Production-grade parallel optimization engine for QuantConnect LEAN algorithmic trading strategies. Compiles a C# strategy once, spins up a pool of warm Docker containers with persistent .NET harness processes, and searches the parameter space via a multi-stage pipeline — reducing a 679,140-point parameter search from ~88 hours to under 3 minutes. 130 passing tests.

Performance

Measured on a 7-parameter space (679,140 grid points), 15 parallel workers, 20-core machine. Both runs use the same strategy, parameter ranges, date range, and data.

lean-optimizer vs LEAN CLI grid search

LEAN CLI (lean optimize --strategy "grid search") lean-optimizer (GA standalone)
Search strategy Exhaustive grid (all 679,140 points) Incremental genetic algorithm
Evaluations 679,140 611
Throughput (15 workers) 2.15 evals/sec 3.82 evals/sec
Measured wall time 1,772 evals in 825s (extrapolated: ~88 hours for full grid) 2m 40s
Search efficiency 1x 1,112x fewer evaluations

The two advantages are independent and compound:

  1. Persistent harness — eliminates .NET startup and LEAN engine init overhead per evaluation, yielding ~1.8x higher throughput at the container level.
  2. Smart search — the GA converged in 611 evaluations (early-stopped at generation 42) instead of exhaustively evaluating all 679,140 grid points — 1,112x fewer evaluations.

Combined: what takes LEAN CLI's grid search an estimated ~88 hours completes in under 3 minutes.

Architecture

The default configuration uses a standalone incremental genetic algorithm — the same search strategy benchmarked above. The GA uses tournament selection, worst-replacement, and early stopping, converging on an optimum without exhaustive evaluation.

Additional pipeline stages are available and can be enabled independently via config:

  • Latin Hypercube Sampling (LHS) — space-filling initial exploration
  • Bayesian Optimization (Optuna TPE) — directed search with batch ask/tell
  • Local Grid Search — Chebyshev-distance neighborhood refinement around top candidates

All stages share a common BatchRunner interface and deduplication cache. The GA can also run seeded from prior stages (LHS/Bayesian results injected into the initial population).

Walk-forward optimization (true IS/OOS parameter validation) is a planned future stage. The current pipeline produces optimized parameters with checkpoint/resume support; out-of-sample validation is left to the user's preferred methodology.

Persistent Harness

The core innovation: each Docker container runs a long-lived dotnet /Harness/LeanHarness.dll process. The harness reads JSON requests from stdin, runs backtests with full LEAN state reset between runs, and writes JSON responses to stdout. This eliminates per-eval .NET startup, assembly loading, and LEAN engine initialization overhead — measured at ~1.8x higher throughput per worker compared to LEAN CLI's per-backtest container execution.
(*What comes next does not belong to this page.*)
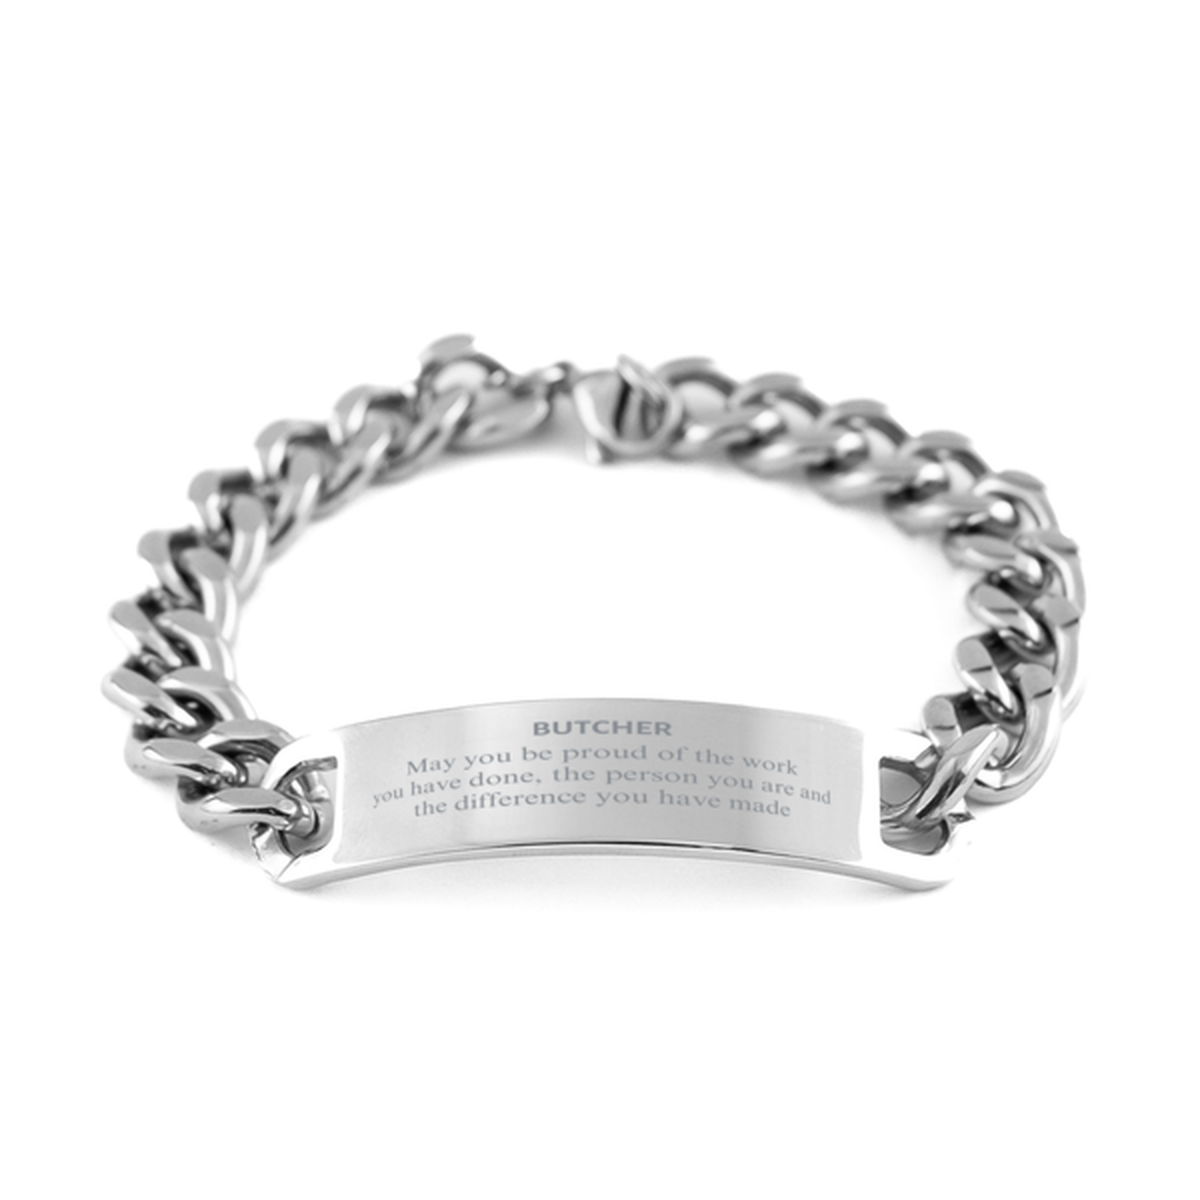 Butcher May you be proud of the work you have done, Retirement Butcher Cuban Chain Stainless Steel Bracelet for Colleague Appreciation Gifts Amazing for Butcher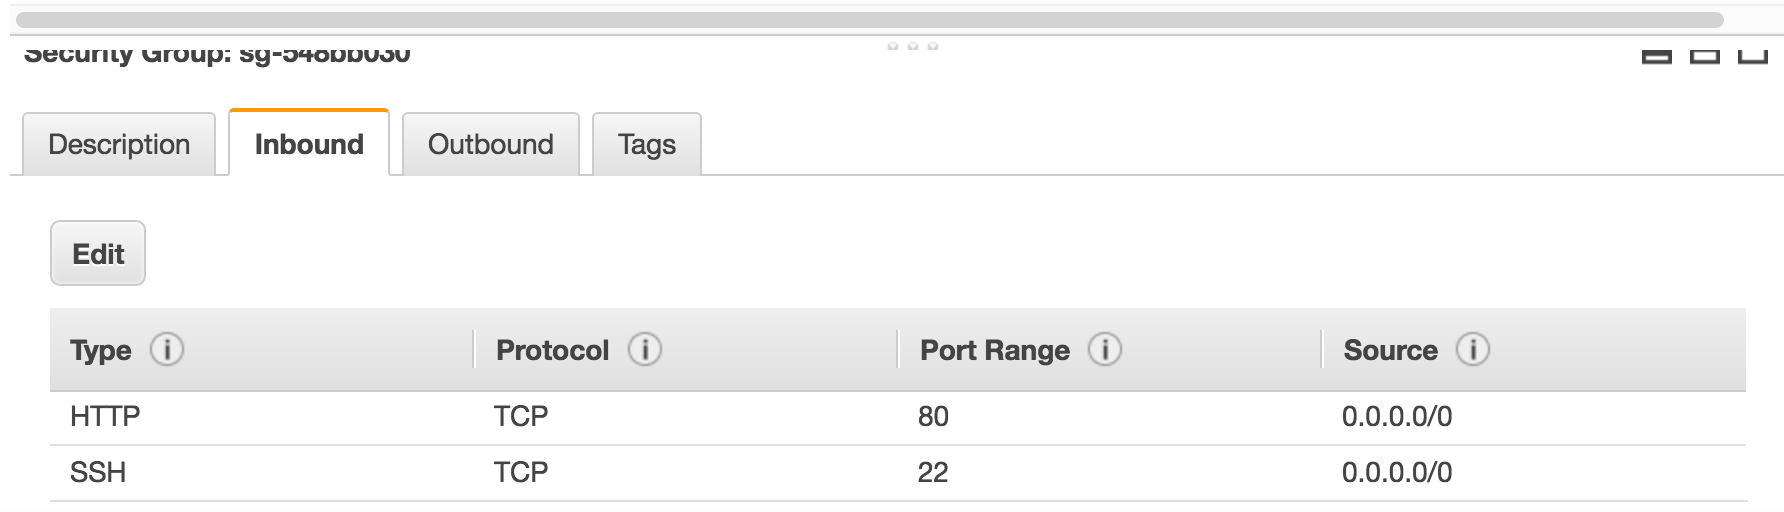 HTTP port (80) and SSH port (22) are set up to allow all incoming requests

Python → harness stdin:  {"id": "<uuid>", "config_path": "/path/to/config.json"}
Harness → Python stdout: {"id": "<uuid>", "status": "complete"}

Console.Out is redirected to stderr inside the harness so LEAN logging doesn't corrupt the JSON protocol. On eval error, the harness logs the error and continues — it does not exit. On stdin EOF, it exits cleanly.

Requirements

Infrastructure you provide:

  • Docker with a LEAN engine image (e.g., quantconnect/lean:latest or a custom build). Set LEAN_IMAGE in .env.
  • QuantConnect LEAN source — a local clone with pre-built DLLs. The harness build will fail if this is not configured correctly. The .csproj at harness/LeanHarness/LeanHarness.csproj references LEAN DLLs via relative HintPath entries (default: ../../../LeanCode/Lean/Launcher/bin/Debug/). You must either:
    • Clone this repo so the relative path resolves to your LEAN install, or
    • Edit every HintPath in the .csproj to point to your LEAN DLL location, or
    • Create a symlink: ln -s /path/to/your/LeanCode /path/to/lean-optimizer/../LeanCode
  • Market data — LEAN-format data on a fast filesystem. A tmpfs/RAM disk is strongly recommended for parallel workloads. Set LEAN_DATA_HOST_PATH in .env. This directory must contain both your historical price data AND LEAN's reference data files. LEAN requires several infrastructure files at runtime — without them, backtests will silently produce empty results. At minimum, copy these from your LEAN source (Lean/Data/):
    symbol-properties/symbol-properties-database.csv
    market-hours/market-hours-database.json
    
    The safest approach is to copy the entire Lean/Data/ tree to your data path and then add your price data under equity/usa/minute/ (or the appropriate resolution/market). If you use a tmpfs/RAM disk, remember that its contents are lost on reboot or crash — you will need to repopulate it.
  • A C# strategy project — a directory containing .cs and .csproj files that compile against QuantConnect. Pass via --strategy-path.
  • Python 3.12+
  • .NET 8.0+ — for compiling the harness and your strategy
  • A multi-core machine with sufficient RAM for parallel workers (tested on 20-core/128GB)

Setup:

python3 -m venv venv && source venv/bin/activate
pip install -r requirements.txt
cp .env.example .env  # edit all paths for your environment

Environment variables (in .env — see .env.example):

Variable Purpose
LEAN_IMAGE Docker image for LEAN engine containers
LEAN_DATA_HOST_PATH Host path to LEAN-format market data (mounted read-only into containers)
LEAN_WORKSPACE Host path to your LEAN workspace (for algorithm class auto-detection)
RESULTS_SCRATCH_PATH Scratch directory for per-eval results (default: ./results)
WORKER_COUNT Default parallel worker count (overridden by --worker-count or config)

Usage

# Optimize a strategy (full pipeline)
python main.py optimize --strategy-path /path/to/your_strategy --config config/optimization_ga.json --ticker AAPL

# Multi-symbol universe optimization
python main.py optimize-universe --strategy-path /path/to/your_strategy --universe config/universe.json

Key flags:

  • --strategy-path PATH — directory containing your C# strategy .cs and .csproj files
  • --config PATH — optimization config (fitness function, stage params, worker count)
  • --ticker SYMBOL — override base_params.ticker from CLI (eliminates per-symbol config files)
  • --worker-count N — parallel Docker containers (default from config or env)
  • --resume — resume from checkpoint (skips completed stages)
  • --skip-compile — skip strategy compilation (use cached artifacts)

Batch Backtesting

A batch backtest runner is included as a subcommand for running portfolio-wide or multi-symbol backtests independently of the optimization pipeline. It uses the same warm worker pool and persistent harness as the optimizer.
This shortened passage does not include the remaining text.